In my college years I, of course, dive deeper and deeper into progressive politics. Gain a few gay friends, extra ally points for me! Wow, what a woke manly white dude I am. Here, my presumed "straightness" gets solidified into a symbol of my own identity in allyship. I mean, here I am a white, cis, beardy man in a straight committed relationship. There ain't no one coming to take away my rights over here, no one calling me slurs, so to insert myself as anything more than an ally would make me look selfish and attention-grabby. Did I intend on DOING gay stuff with that side of myself while I was in a relationship? Nope! So shut up, bisexuality, sit in the back where you belong. I didn't earn the right to call myself anything but straight.
For years during my marriage, I felt pretty comfortable with this idea on the surface. Surely, if I'm in a straight marriage, and die in a straight marriage, I'm de-facto straight. Labels are silly anyway, right? What would claiming to be bisexual really accomplish, anyway?
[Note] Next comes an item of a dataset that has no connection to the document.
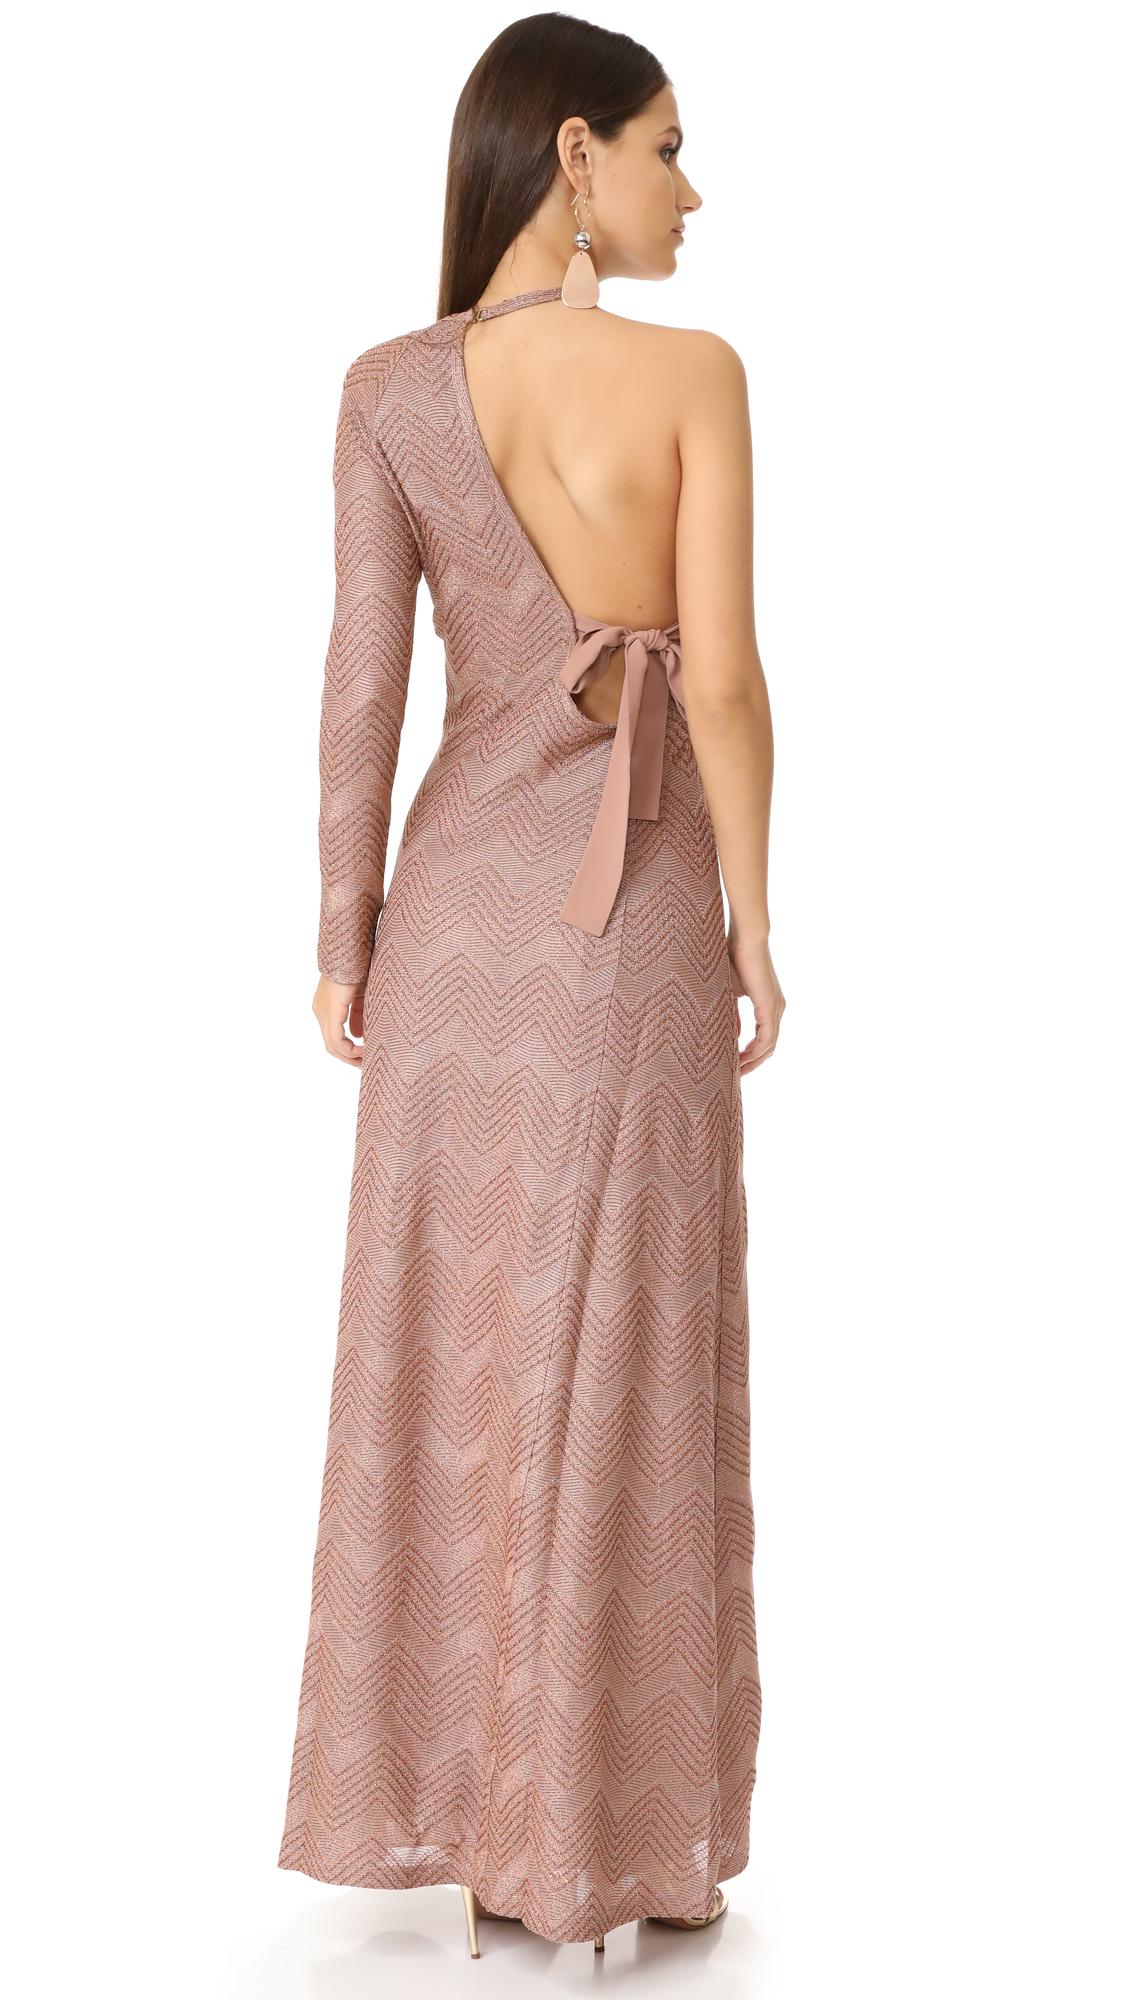 M Missoni Lurex One Shoulder Maxi Dress | SHOPBOP
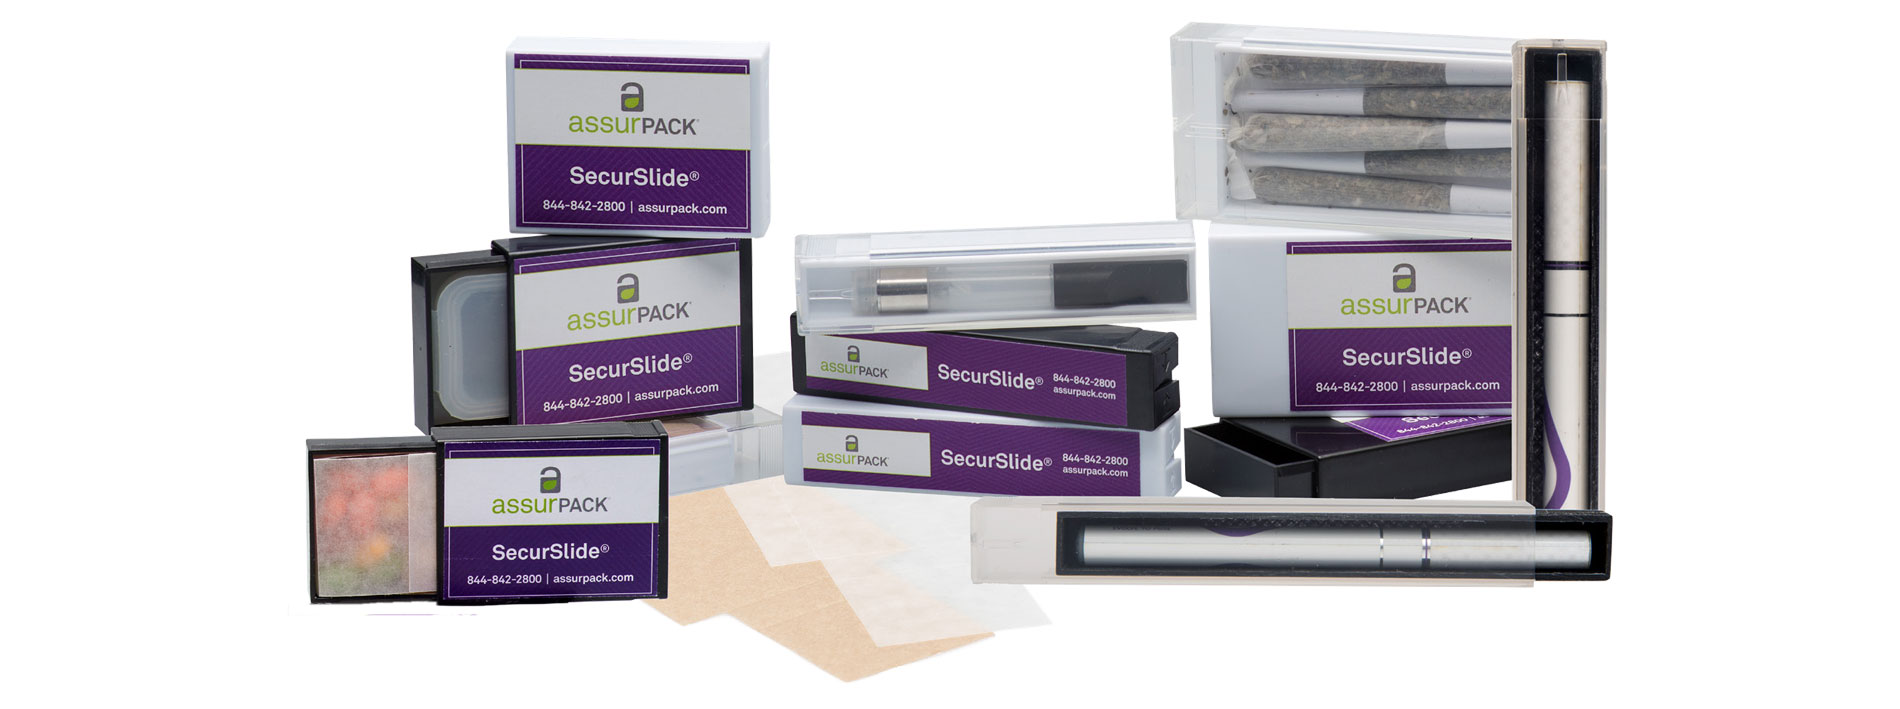 AssurPACK SecurSlide®. Preroll, concentrate, and vape cartridge packaging

Am I just out here looking to join the cool gays' club, a convenient excuse to join the party without having to deal with any of the downsides? Am I really about to identify myself by a label that in my life just translates to me making little remarks about hot sweaty men on the television with my wife? Seems rather silly.
But every year, Pride Month would come. Big old celebration of the whole LGBTQ+ spectrum, B is even in there, eh? And every Pride, I would reconsider this notion, then deny myself the identity for all the reasons I grew up with, and for all the reasons I came to convince myself of. Like Jesus, who gives a shit anyway? It's 2019, no one cares and it will change my life exactly zero percent. Keeping it to myself is the only way I know I'm not being selfish with the label. The only way I know I'm not just seeking attention, or wanting a superficial reason to more "officially" join a community I have long come to admire from afar. I believe these things sincerely, but no matter how hard I try, I can never quite shake the desire to claim it publicly. The whole time, it's been trying desperately to be heard.
One way or another, I've always been telling my friends and loved ones this part of myself. But never in those words. "Ironic" jokes where I hyperbolically talk about how attractive a certain male celebrity is? You bet. Getting knock-out drunk during get-togethers and slurring some not-so-vague implications? Every time. Taking every single opportunity I can to talk about LGBTQ+ filmmakers, my "ironic" love for Rocky Horror Picture Show
, and just about any other gay-adjacent thing that passes through my periphery? Good god, yes, it won't stop.
So why does this feel so important to me? I guess the same way any aspect of someone's sense of self is important? I define myself by a lot of things; my interests, my hobbies, my accomplishments, my beliefs, my vast dusty collection of rubber halloween masks. In a way, it feels like this aspect of myself has taken an unnecessary backseat in my life, first because of uncertainty, then because it made me feel guilty or prideful. I don't define myself by my sexuality exclusively, but it deserves a seat at the table, damn it.
So hey My Bisexuality, pull up a chair.